Now click "Start a discussion" and give a brief description of what your pull reuqest is. Also if you are not using an obvious username let us know who you are.
Should you be told to perform some fixes for your pull request you should perform them on your local repo. To update the pull request run git push -f origin hotfix/quickfixtoadaptor
but never do this on a branch you have shared with more than just us.

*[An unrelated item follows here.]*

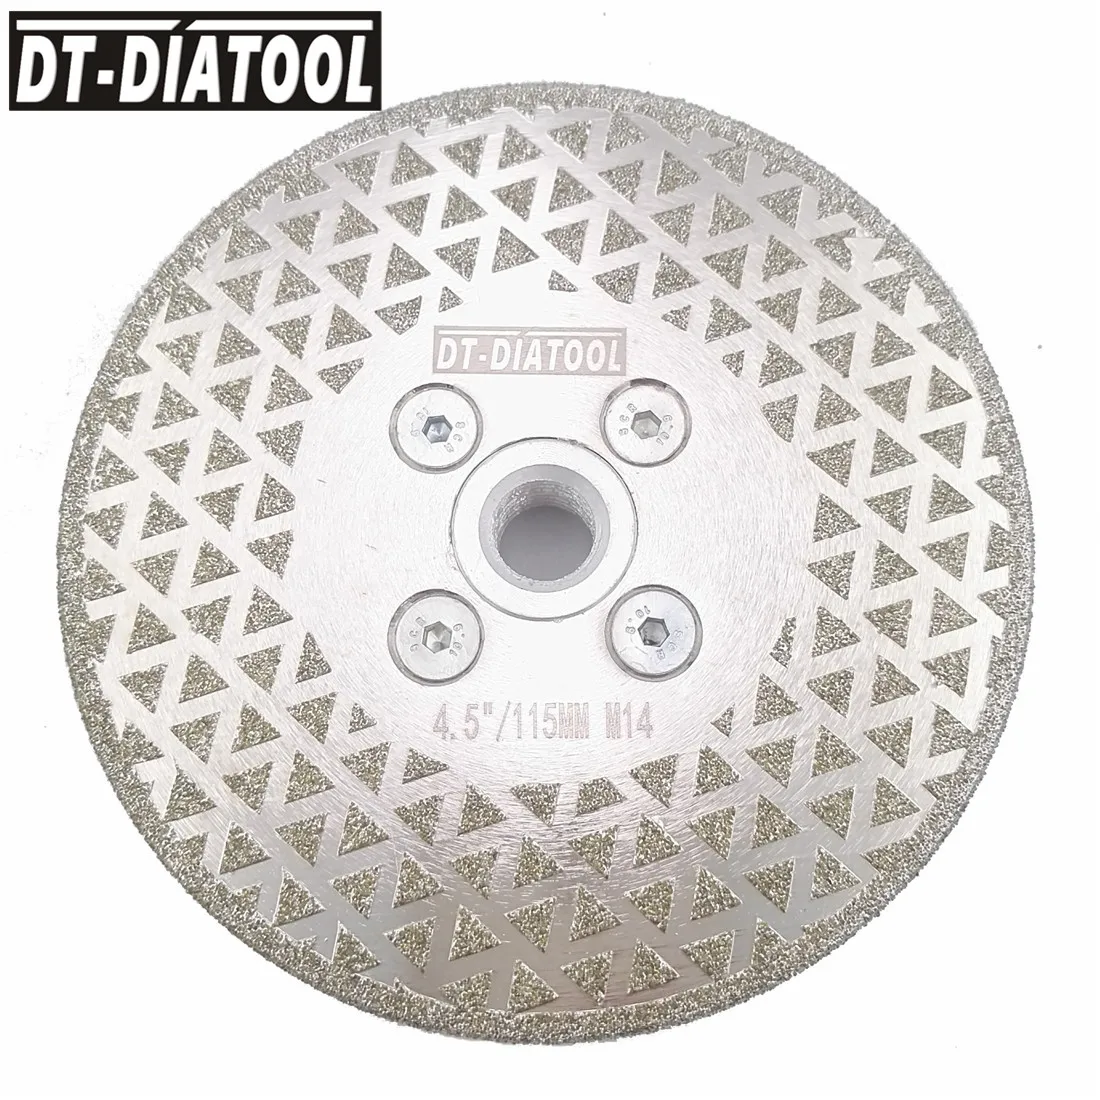 Алмазный режущий диск DT-DIATOOL M14, 1 шт. от AliExpress WW

Any change that affects the underlying SQL schema needs to come with the following:
- a patch file, patch_oldrelease_newrelease_version.sql See https://github.com/Ensembl/ensembl/blob/release/81/sql/patch_79_80_b.sql for an example This patch describes the actual schema change and updates the meta table to record the change
- an update to the table.sql file The change from the patch should also be included in the table.sql file This is to ensure that a newly created database is identical to an existing database to which the patch was applied
- an update to the test databases The databases used for testing are in https://github.com/Ensembl/ensembl/tree/release/81/modules/t/test-genome-DBs These should be patched with the latest changes to ensure data consistency. This can be done using the patching script provided in https://github.com/Ensembl/ensembl-test/blob/master/scripts/patch_test_databases.pl
The Ensembl code comes with a series of unit tests that check methods behave as expected. This test suite is run as part of the TravisCi integration for each pull request. See https://travis-ci.org/Ensembl/ensembl This ensures that any change does not affect existing functionality. A pull request can only be integrated if the test suite passes successfully. If no tests are available for a new functionality, please provide some basic tests.